Writing: The Bug That Bit Me

People talk a lot about the Writing Bug. ‘When did you catch the writing bug?’ ‘When did the writing bug bite you?’ In truth, I feel like I’ve always had some desire to write, but pin pointing the exact moment I knew what I wanted to do is somewhat trickier. Thanks JM, for getting me to think about it. 🙂

I’ve talked about it briefly on the Silk Over Razor Blades page, but the words there are specific to that novel. Writing in general began when I moved schools and met, for the very first time, the Windows Operating System. Previous to that, I had learned to touch type on BBC computers with green screens and white text, all functions completed via the keyboard with great help from the windows keys. I spent my time writing up song lyrics and odd bits of Shakespeare that I liked. I avoided soaps, enjoyed the likes of Buffy The Vampire Slayer and Sweet Valley High (barf, yes, I know, but I was young once, okay?!).

It was the books, especially that turned me towards writing. Mills and Boon (*sigh*) and anything by Christopher Pike I could borrow from the local library. But it seemed to me that all of the heroes of these books were men. Worse than that, it seemed to me that all of the women were either annoying as hell or utterly useless. Or both. o.O Perhaps that’s why I liked Buffy so much; strong female character, kicking ass and kicking it good.

Anyway, I realised that I wanted to read more about women doing grand and amazing things. More than that, I wanted to read more about black women doing cool and amazing things. Maybe I was reading the wrong books, or the wrong genre entirely, but it seemed to me that all the characters in these books were white. I found it strange, probably because my whole life to that point (and beyond) I had been surrounded by a race of races, creeds and religions. There is something about the north end of London that lends itself to incredible diversity that I just wasn’t picking up in these books.

Well… I thought to myself; if no one else is going to write about the things I want to read (believe me, I looked high and low!) then maybe I could do it instead. I wrote by hand, filling pages and pages of lined paper with the adventures of various girls – of my age, of course! – who were trying to find boyfriends. Or looking for jobs. Or progressing through school. Everything that I was doing. These early writings were so close to my own life that they were more like diary entries than any sort of fiction, but I was already keeping a diary. I didn’t need to do it twice.

That’s when I began to branch out and actually add a fictional element to these characters I was making. They began to take on their own personalities and quirks. They had backgrounds that were nothing to do with me at all and, before I knew it, I was starting to write stories.
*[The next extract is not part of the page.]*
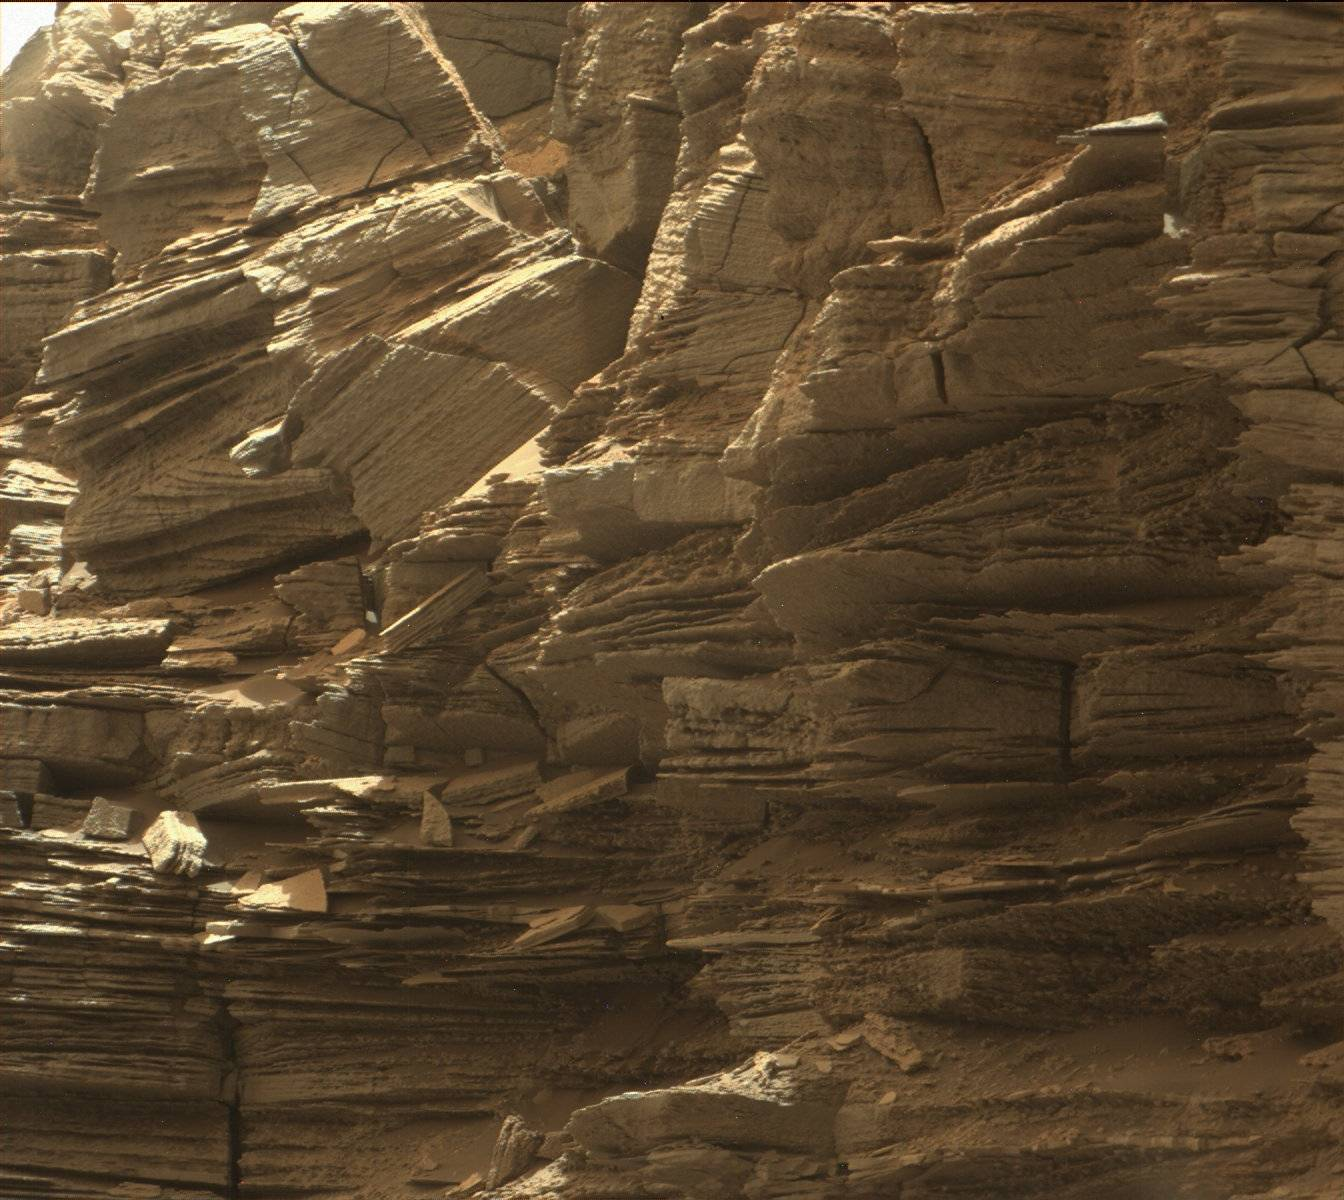 mars rover twitter - photo #25
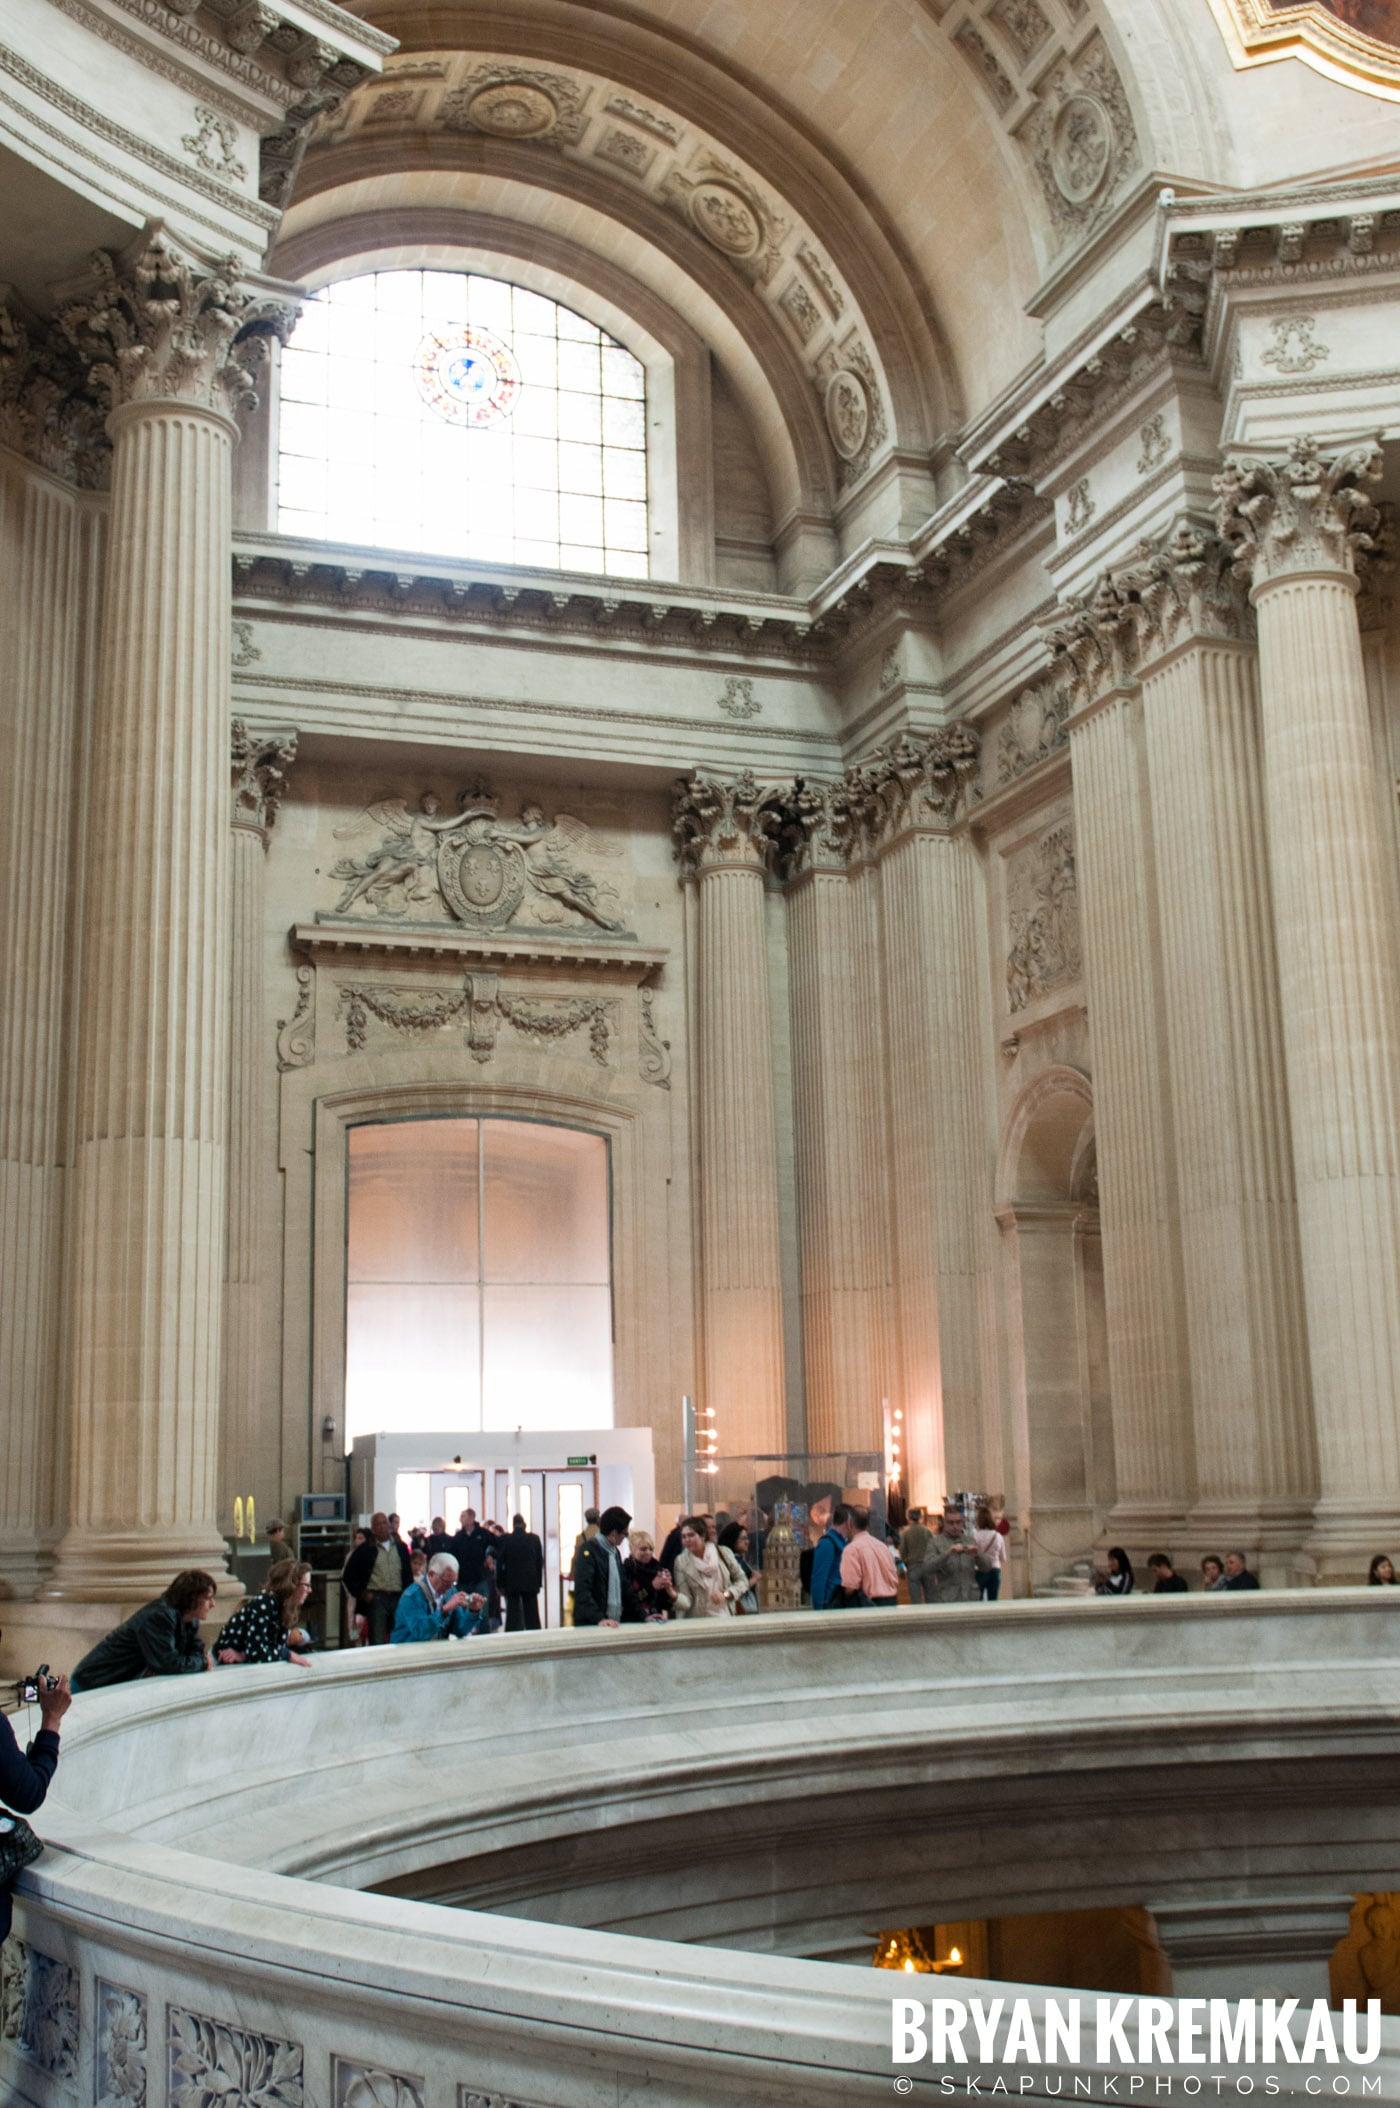 Paris, France Honeymoon - Day 3 - 7.20.11 (24)

There was no big moment when I decided I wanted to write; I just kinda stumbled onto it somehow. It was when I finished the first draft of Silk Over Razor Blades however (at that point called To Be A Teenage Vampire), that I had my first moment of ‘I want to be a writer.’ The euphoria at actually finishing a novel still fuels me to this day. The absolute glee at printing those pages and punching holes into them so I could place them into a ring binder. Handing that ring binder to my mum, to friends, to a particular uncle of mine who, even now, loves to read my work. The idea that I had accomplished something with a story and a set of characters that were unique to me was incredible! I realised then that it was a feeling I wanted to feel over and over and over and over.

Despite that, I had written five more follow up stories in the TBATV series before I realised that it was possible to publish. At that point I had no idea how hard it would be, or that I’d reach this stage of the journey, but I knew then what I wanted to do. I wanted to write and share my stories with the world.

That feeling has matured as the years have gone by. There is still a large element of wanting the write what other people have not. To show the diversity of the world of my words in a way that many other authors seem hesitant to do. The Ileandra Young of Silk Over Razor Blades is black. One of her best friends is Japanese and the other is a slightly plump and dumpy red head married to an Asian man. One of my most ‘butch’ roleplay characters is gay. Another of my characters is a transman. Another is an unlikely hero in the form of a midget who faints at the sight of blood.

I still read books were all the characters are beautiful and perfect. They’re all straight. Cardboard cut outs of the same ideal that features on almost every TV show and Hollywood film. I just feel that so long as there are people around me as different as cheddar is from brie, then I’ll continue to write that way and I’ll have something to say.

About Ileandra Young

I'm a thirty-*mumbles* year old (purple loving, cheese worshipping) author of fantasy, juggling a pair of beautiful twin boys with my burning desire to make up stories and write them all down. When I get the chance, I play games, listen to music, and in days long past I even ran a radio show. Though I occasionally write non-fiction, my heart lives in fantasy and my debut novel, Silk Over Razor Blades is now available through Amazon along with part two of the trilogy, Walking The Razor's Edge.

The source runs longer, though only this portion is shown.